Formation of Covalent C3b-Tetanus Toxin Complexes: a Tool for the In Vitro Study of Antigen Presentation

Abstract

A novel method is described for the formation and purification of covalent complexes between the complement component C3b and an antigen (tetanus toxin, TT), using purified proteins in fluid phase. C3b is generated in situ by tryptic cleavage of C3 after co-precipitation of C3 and TT in the presence of polyethylene glycol. Various parameters were analysed to optimize complex formation; under conditions which minimized the formation of covalent C3b multimers, 30% and 8% respectively of C3b and TT were incorporated into covalent one-to-one complexes which were purified using gel filtration chromatography. The linkage was localized between the alpha' chain of C3b and either the H or L chain of TT; it required the in situ formation of C3b and was partially destroyed by 1 M hydroxylamine.
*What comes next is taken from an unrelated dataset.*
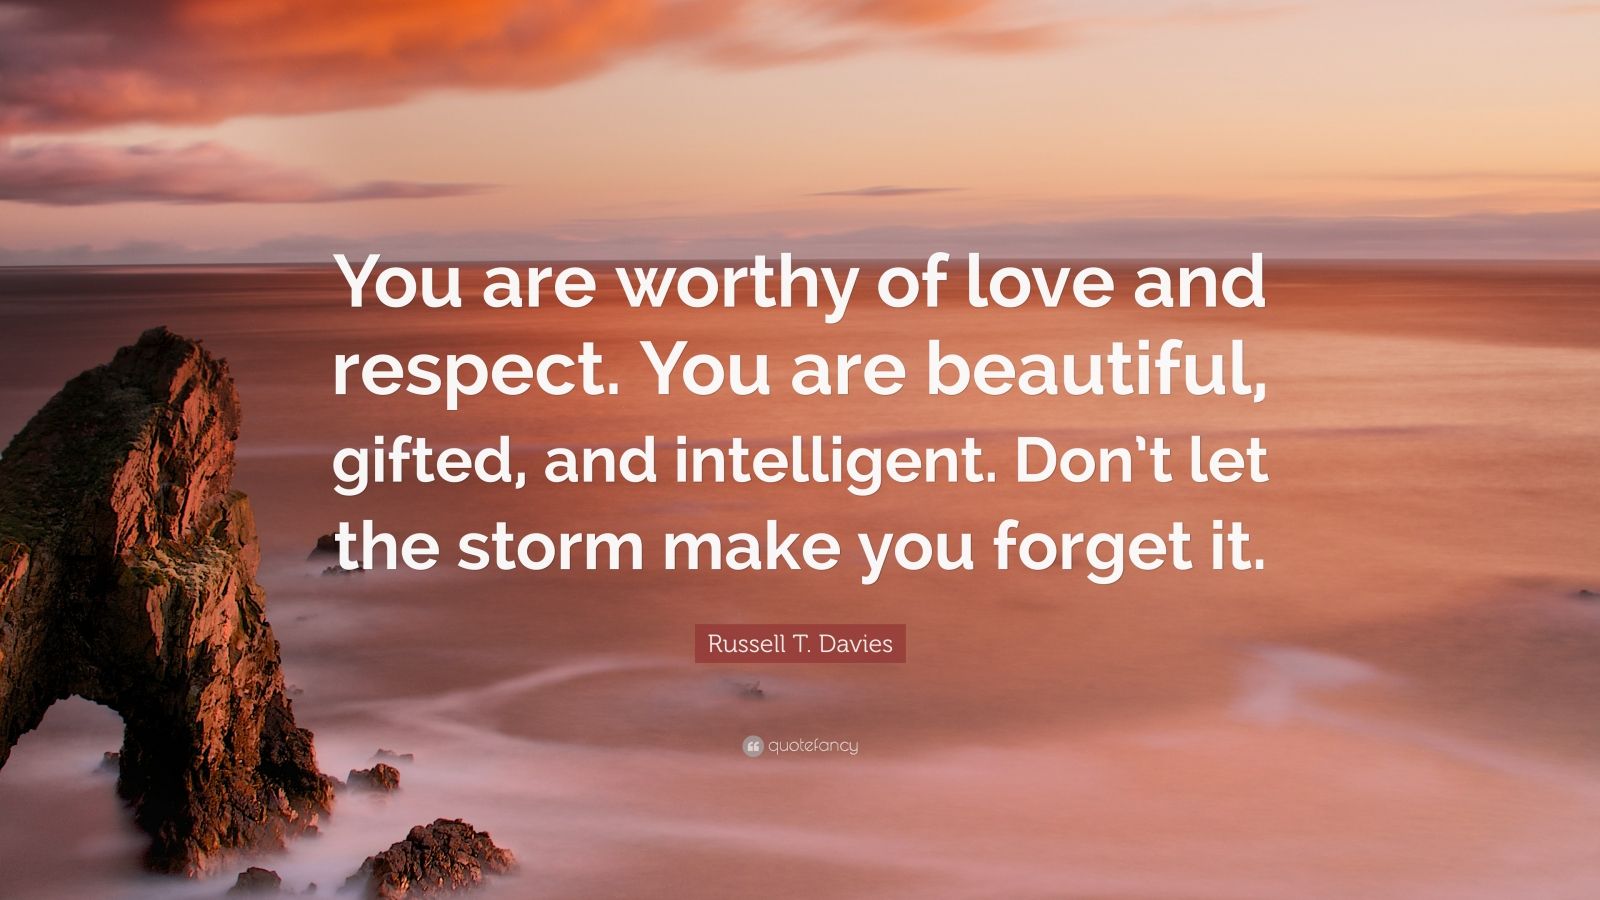 Russell T. Davies Quote: “You are worthy of love and respect. You are

Spontaneous dissociation of the complex could be partly avoided by HgCl2, a thiol reagent which inhibits the esterase-like activity of bound C3b. These findings suggest the involvement of the reactive carbonyl of nascent C3b with hydroxyl groups of TT. Such C3b-TT complexes provide a defined tool to analyse the influence of antigen-bound C3b on antigen addressing and intracellular processing by antigen-presenting cells.